**RECORDS FOR THIS EXERCISE:**
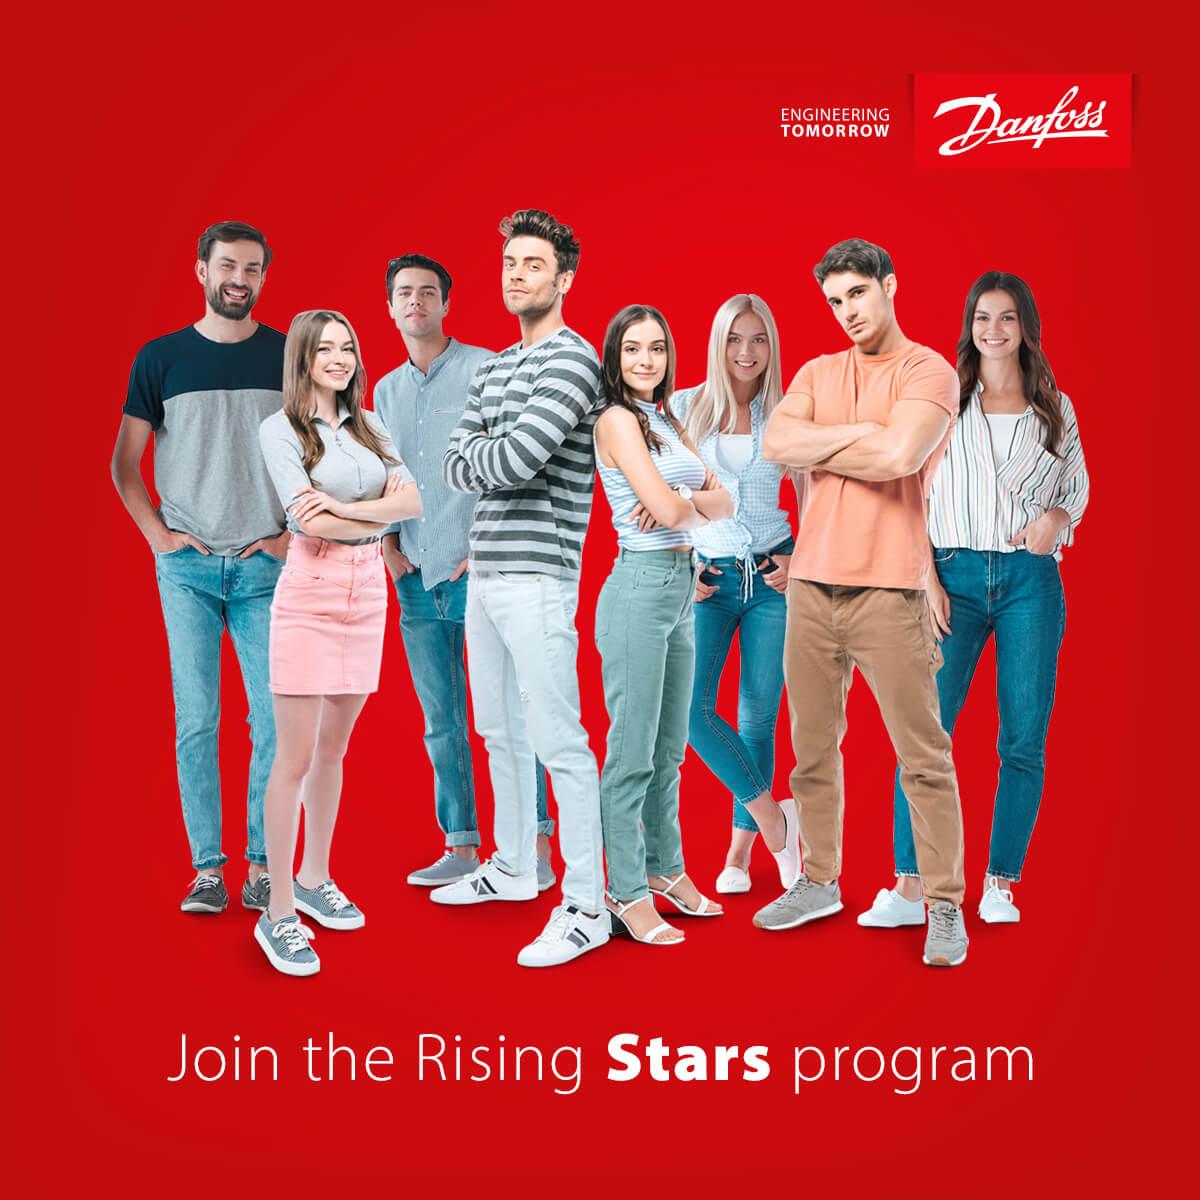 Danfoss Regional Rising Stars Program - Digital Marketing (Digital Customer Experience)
--
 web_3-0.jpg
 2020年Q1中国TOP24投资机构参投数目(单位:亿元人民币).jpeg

**GOAL OF THE EXERCISE:**
Taking the material above, extract exactly and only the lines from the line with "web_3-0.jpg" to the line with "2020年Q1中国TOP24投资机构参投数目(单位:亿元人民币).jpeg", inclusive of both.

**FINISHED EXERCISE:**
 web_3-0.jpg
 2020年Q1中国TOP24投资机构参投数目(单位:亿元人民币).jpeg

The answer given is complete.